最終回答:2018/05/09 10:39
回答した専門家:1人

QUESTION

今現在は個人事業主として独立しているものです。開業してからは10年以上は経過しており、借金もありません。去年の売り上げが1,000円を超えて売り上げも伸びているため、このタイミングで法人成を考えております。

会社を設立する際の資本金を200万円から300万円で考えております。今までの事業でためてきた資金になります。なるべく資本金300万円を目指しておりますが、会社設立の準備で思った以上にお金を使ってしまっております。

●分からないことだらけで、専門家のかたに相談したり、セミナーに行ったり、行動に移す前に自分の立ち位置を知るために、この一ヶ月くらいのあいだ出費してしまいました。あと一ヶ月くらいは、ここでもセミナーに通ったり、相談するなどしたいです。そういった資金は「開業費」や「設立費」として資本金にできるのでしょうか?

●もしできるとするなら領収書などをとっておけばいいのですか?資本金は通帳の預金を出金してから入金するというのは理解しておりますが、こうやって設立準備費用として使ってしまったものに関する処理方法が分からず困ってます。

ご教示いただけると助かります。

ANSWER

回答日:2018/05/09 10:39

こんにちは。税理士の加賀谷と申します。


まず、「開業費」と「創立費」についてご説明いたします。

「創立費」とは、法人設立までに係る費用で、繰延資産という科目で会計上計上し、税務上はいつ損金として償却してもよいものとなっております。

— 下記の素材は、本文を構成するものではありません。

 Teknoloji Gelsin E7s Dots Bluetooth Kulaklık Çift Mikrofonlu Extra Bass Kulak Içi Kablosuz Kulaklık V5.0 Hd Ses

法人登記に係る登録免許税、定款認証費用、司法書士への報酬、事業に係る物件の賃借料、広告費、設立準備に係る給与などが該当します。



一方、「開業費」は法人設立後、事業開始までにかかった特別な費用で、「創立費」と同様繰延資産に該当します。

事業開始に必要な名刺、チラシ、打ち合わせに係る費用、移動費、調査費などが該当します。


会社設立前に必要な、専門家に相談する費用であったり、会社設立後、事業開始準備までに必要なセミナー、相談料などであれば、

それぞれ「創立費」又は「開業費」として計上する余地はあるものと考えることが出来ます。



ただし、そのセミナー、専門家への相談が、事業開始に必要な費用と解すことが可能かで判断されますので、あまりにも事業に関係の薄い内容のものなどであれば、計上が難しいケースも想定されますので、ご留意ください。

あとセミナーなどの回数、費用の合計額次第では、全額が事業開始の必要性には乏しいと判断され、税務調査で一部否認される可能性もあるため、実際には個別に税理士に相談されるほうがよいかと思います。


これらの「創立費」「開業費」は、資本金の範囲で捻出することは可能です。例えば資本金300万円のうち100万円を「創立費」又は「開業費」として繰延資産として計上し、残り200万円を現預金とする会計処理となります。

しかし、法人設立時は通帳に一度個人通帳に300万円の入金したものをコピーとして法務局に提出するため、まずは社長からの借入金などで立替え、資本金入金後、資本金より精算するなども可能です。


その他何かご相談ありましたら、お気軽に個別にご相談下さい。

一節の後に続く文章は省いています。